Be There Even When You’re Not
Be there even when you’re not there. Would you distinguish the current literacy from the future literacy in this area?
“Leadership from a distance will become more important than in-person presence.”-Bob Johansen
Cultivate Future Leadership Skills
What skills will the best leaders have to master this?
These future leadership skills are drawn from my Leaders Make the Future book and they align with the new leadership literacies.
Create and sustain positive energy. Why will positive energy be more important in the future?
In a VUCA World, hope is the key variable. Leaders need to seed realistic hope, and they can only do that if they create and sustain positive energy. Here is a simple checklist that leaders can use to assess themselves:
- When I walk into a room, I radiate positive energy.
- I have a disciplined approach to my own physical, mental, and spiritual (not necessarily religious) fitness in the face of my daily work and life pressures.
- I balance my personal energy through my working day (I moderate my peaks and droops), and I am resilient under pressure.
- I create space for people I lead to balance their own physical, mental, and spiritual energy.
“Leaders will need to radiate positive energy and at all times.”-Bob Johansen
If you look at leadership in ten years and compare it to leadership throughout history, what qualities are different?
As William Gibson said so eloquently, “The future is already here, it’s just unevenly distributed.” At Institute for the Future, we look for signals that reveal that unevenly distributed future. Most signals fail, but they tend to fail in interesting ways. Teach yourself to identify the signals and distinguish them from the noise of the present. Immerse your self in the future that is already here.
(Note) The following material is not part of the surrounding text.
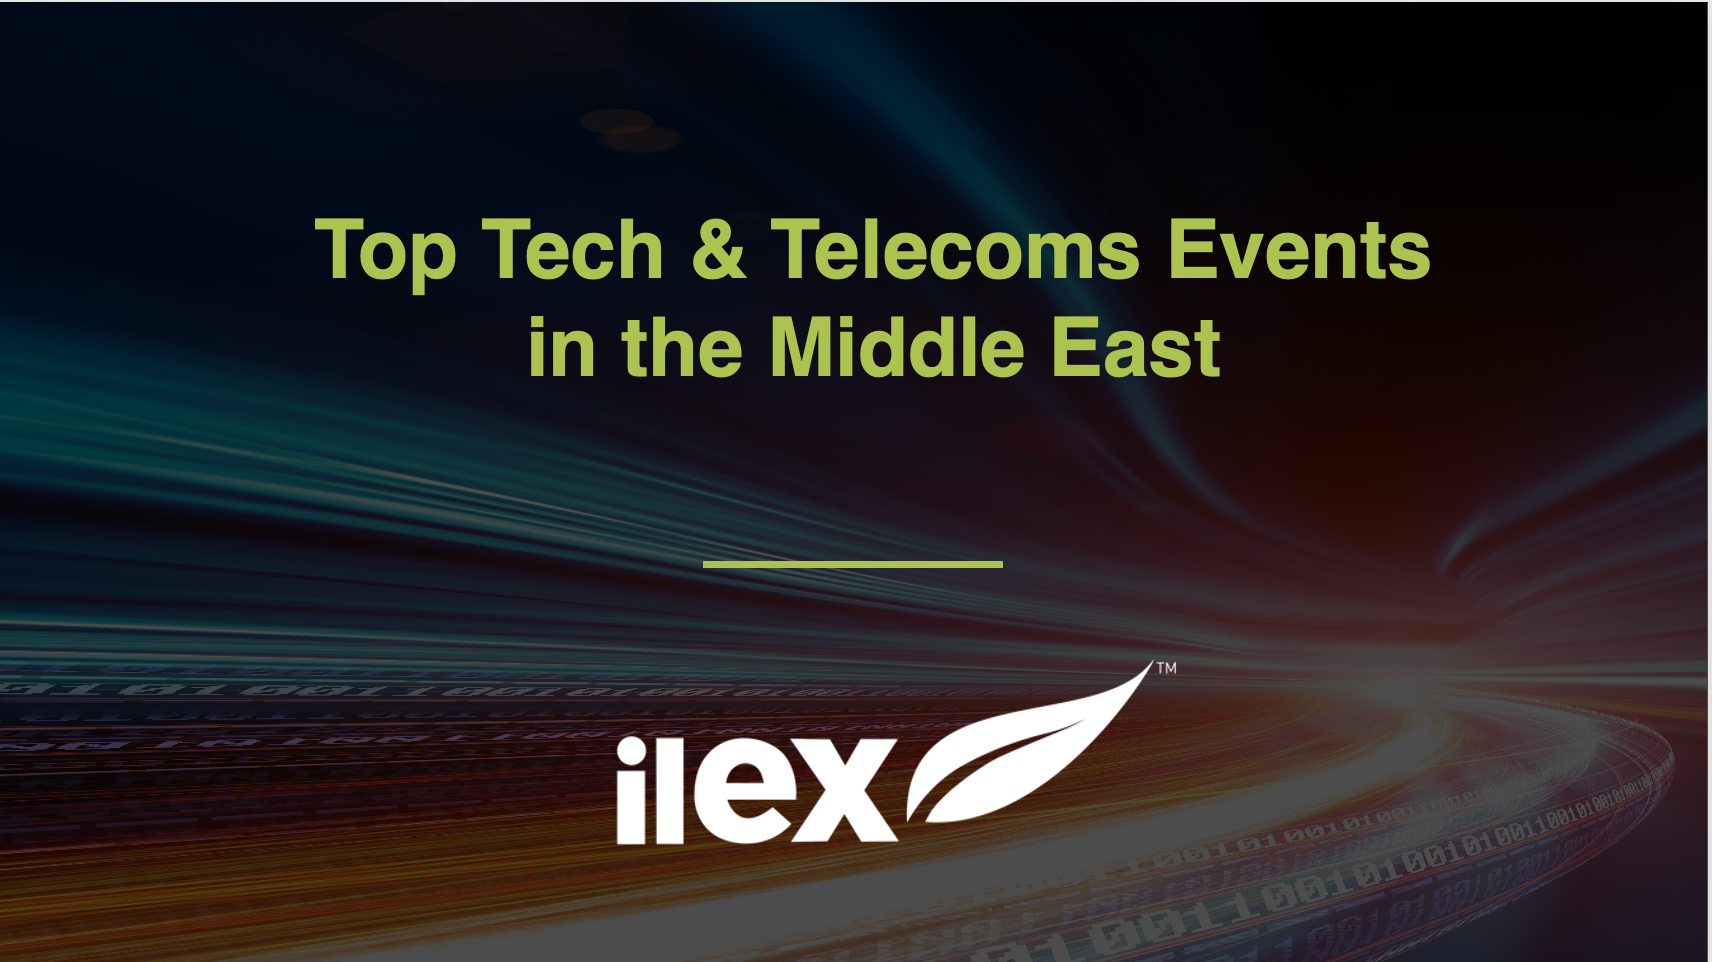 Top Tech & Telecoms Events in the Middle East

Perhaps the most powerful way to learn about the future is reverse mentoring. Those young people who are 21 or under in 2017 are “digital natives,” and the younger they are, the stronger the effect. Learn from them, even as you offer your own wisdom. Go there with them into the rich world of video gaming and learn from them.
“We tend to overestimate the impact of technology in the short term and underestimate it in the long term.” –Roy Amara
Is there a famous leader in the past who you think wouldn’t stand a chance of success if they were born in the future?
It used to be that a leader could succeed by focusing on deciding and acting quickly and with authority. Now, leaders must cycle continuously from foresight to insight to action. They must resist deciding too quickly (the classic mistake of the problem solver) as well as deciding too late (the classic mistake of the academic). Action without foresight in the VUCA world will be dumb, dangerous, or both.